Psychological and emotional health
Depression and depressive symptoms have been consistently found to be associated with MCI and cognitive decline.
No consistent studies exist for an association with statins, antihypertensives, anti-inflammatory or Alzheimer medications.
Social and cognitive engagement
Findings are inconsistent regarding living alone, but a robust association exists between loss of spouse and cognitive decline. Inconsistent evidence suggests that increased involvement in cognitive activity in later life is associated with slower cognitive decline and lower risk of MCI.
Preliminary evidence suggests a beneficial association of physical activity and range of leisure activity (club membership, religious services, painting, gardening) and preservation of cognitive function.
Tobacco and alcohol
Current smoking and cognitive decline shows an association. Past smoking and alcohol use are inconsistently associated.

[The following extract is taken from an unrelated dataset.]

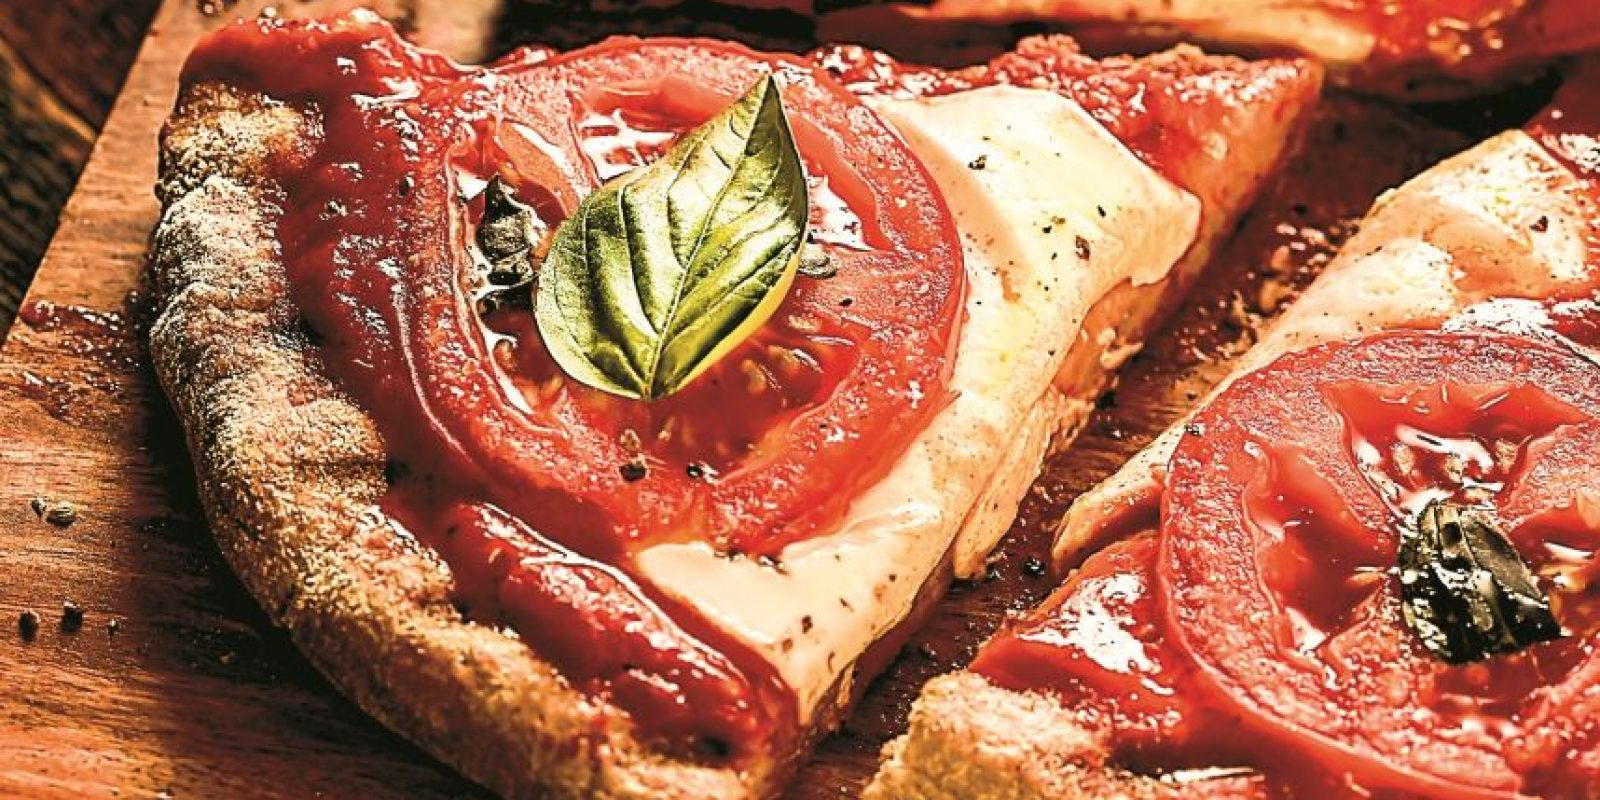 Según datos recopilados, el plato italiano más famoso del mundo es milenario. Foto:Metro

Cognitive decline in the elderly, especially on memory tasks and perceptual speed and other cognitive domain changes, are very inconsistent.
Overall Conclusion of this Panel
1. Firm conclusions cannot be drawn about the association of modifiable risk factors for cognitive decline or AD.
2. There is an absence of highly reliable consensus-based diagnostic criteria for cognitive decline, MCI and AD, and available criteria have not been uniformly applied.
3. There is insufficient evidence to support the use of pharmaceutical agents or dietary supplements to prevent cognitive decline, MCI or AD.
4. However, ongoing additional studies including those with antihypertensive medications, omega 3 fatty acids, physical activity, and cognitive engagement (the strongest associations) may provide new insight into the prevention or delay of cognitive decline and AD.
5. Large-scale, population based studies and randomized control studies are critically needed to investigate strategies to maintain cognitive function in individuals at risk for decline, to identify factors that may delay the onset of AD among individuals at risk, and to identify factors that may slow the progression of AD among individuals already diagnosed with the disease.